Many types of photosensitizers have been developed,¹⁸ including fullerenes,¹⁹ porphyrins,^20,21 chlorines,^22,23 phthalocyanines,^20,23 and their derivatives. Because of their ability to remain in the excited state for a long time and excellent capacity to generate ROS, fullerenes, and their derivatives are extensively used as possible photosensitizers in PDT.¹⁹

Despite their fascinating potential for PDT, their bioavailability is oftentimes limited because of poor water solubility and low absorption capacity at longer wavelengths.²⁴ Thus, the development of more effective fullerene delivery systems is a necessary step in accessing the full therapeutic potential of these compounds as antimicrobial agents.²⁵

To address these issues, we used a liposome as a delivery platform via two approaches; in one strategy, the target location could be manipulated through the use of polarized fullerenes (catC₆₀), whereas the other approach focused on facilitating more efficient energy transfer from the photo activated antenna molecules to catC₆₀ at longer wavelengths.
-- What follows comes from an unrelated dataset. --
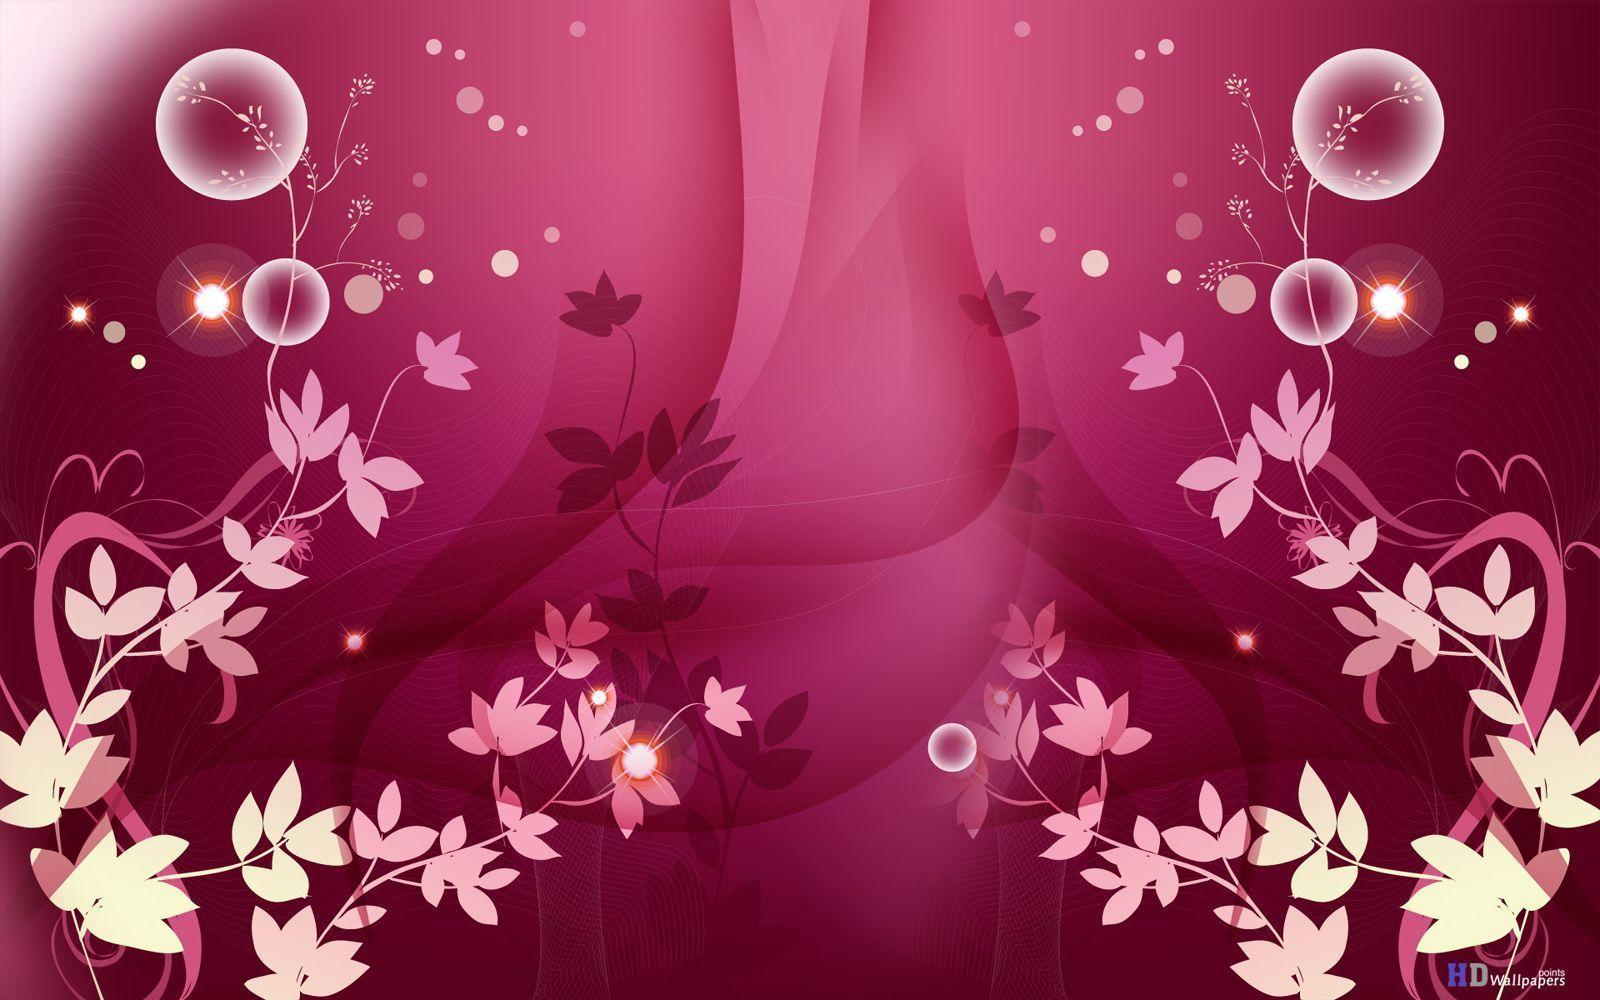 Pink Flowers Wallpaper HD Wallpaper. Cool Walldiskpaper.com
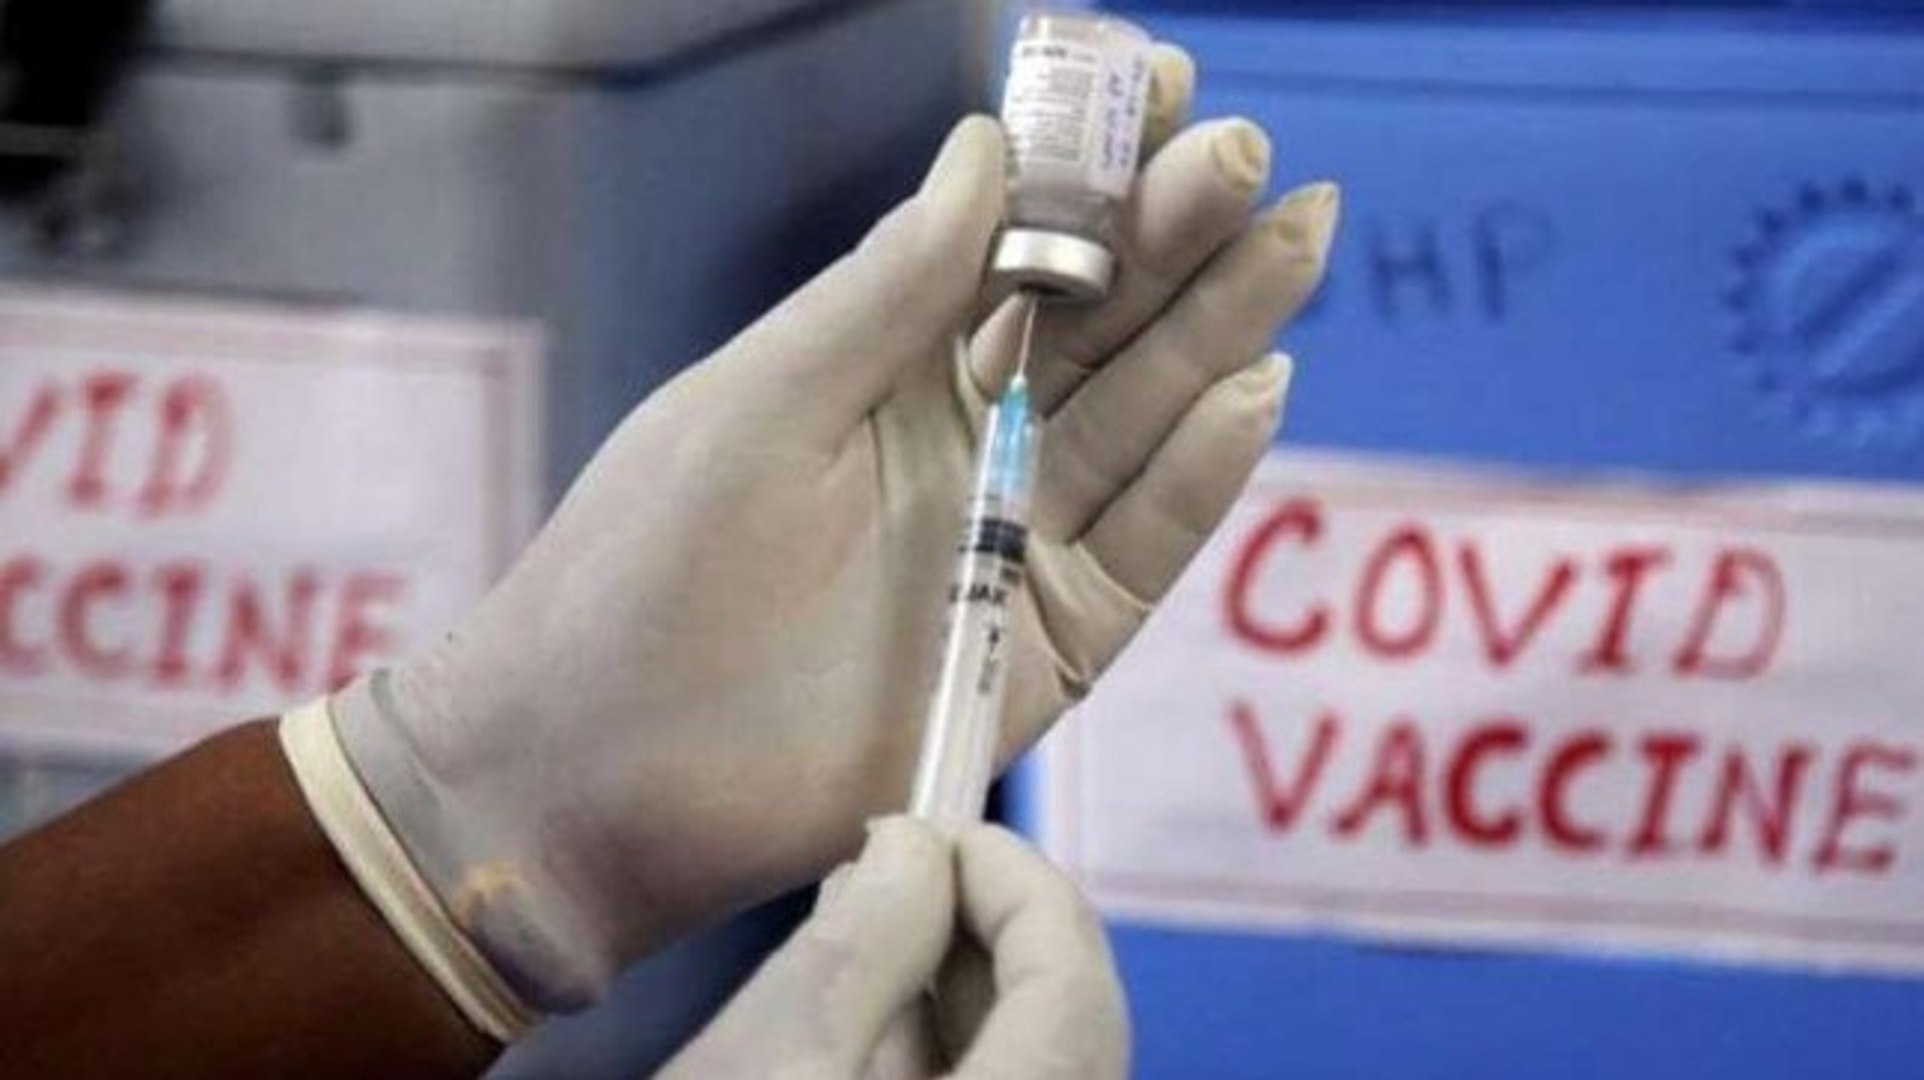 दुनिया में सबसे ज़्यादा टीका उत्पादन क्षमता, फिर भी भारत अपनी जनता को टीका देने में नाकाम क्यों है?

In this study, bacterial elimination was achieved via excellent photodynamic activity using a catC₆₀/light-harvesting antenna molecule assembly, which was integrated into liposomal membranes (LMIcatC₆₀–light-harvesting antenna molecule) (Fig. 1). Natural products, including cyclodextrins,²⁷ polysaccharides,^28,29 and liposomes,^30–32 were developed based on solubilizing techniques to utilize fullerenes in applications as photosensitizers.²⁶ In particular, liposomal membranes are attractive platforms for designing and constructing assembled systems of fullerenes with dialkylated light-harvesting antenna molecules.^32–34 Previously, the poor absorption capacity of our photosensitizers over the long-wavelength range between 600 and 700 nm was improved and the photoinduced cytotoxicity toward HeLa cells of these types of assembled systems was enhanced. Without the need for complicated synthesis of fullerenes, we used our system, which is based on LMI systems, to maximize and expand the availability of our photosensitizers at will by combining them with commercially available light-harvesting molecules. These results encouraged us to apply our system for bacterial elimination processes.

Fig. 1 Schematic of bacterial elimination via a photodynamic system using LMIcatC₆₀–light-harvesting antenna molecules.

The preparation and detailed characterization of the catC₆₀/light-harvesting antenna molecule assembled system integrated into the liposomal membranes are reported elsewhere.³³ Briefly, LMI–light-harvesting antenna molecules were prepared via a conventional freeze–thaw method using DMPC and dyes such as 1,1′-dioctadecyl-3,3,3′,3′-tetramethylindocarbocyanine perchlorate (DiI; λ_max, 549 nm) and 1,1′-dioctadecyl-3,3,3′,3′-tetramethylindodicarbocyanine (DiD; λ_max, 644 nm). Afterward, the catC₆₀ was introduced into the liposomal membranes via an exchange reaction³³ by mixing the catC₆₀/γ-cyclodextrin complex at 80 °C, a temperature which is higher than the phase transition temperature of DMPC (DMPC, 1 mM; DiD or DiI, 0.025 mM; catC₆₀, 0.05 mM). The catC₆₀/light-harvesting antenna molecule assembled system had a diameter of approximately 80 nm each in cases where DiD and DiI were used (Fig. S1†). When 3,3′-dioctadecyloxacarbocyanine perchlorate (DiO; λ_max, 484 nm) was used, the systems were prepared via DMSO injection into LMIcatC₆₀ (Scheme S1†) as the dye was unstable at high temperatures (DMPC, 1 mM; DiO, 0.025 mM; catC₆₀, 0.05 mM). After the complexation of DiO with LMIcatC₆₀, no precipitation was found, and the absorbance from DiO was observed between 400 and 500 nm (Fig. 2A). Furthermore, 94% of the fluorescence signals from DiO were quenched via complexation (Fig. 2B and Table 1). This was confirmation that DiO had been successfully introduced into the liposomal membrane via the DMSO injection method and that the distance between DiO and catC₆₀ facilitated efficient energy transfer. The ζ potential of the liposome decreased slightly as a result of the complexation of DiO from +36 to +30 mV, whereas the hydrodynamic diameter of the liposomes remained relatively unchanged at 80 nm.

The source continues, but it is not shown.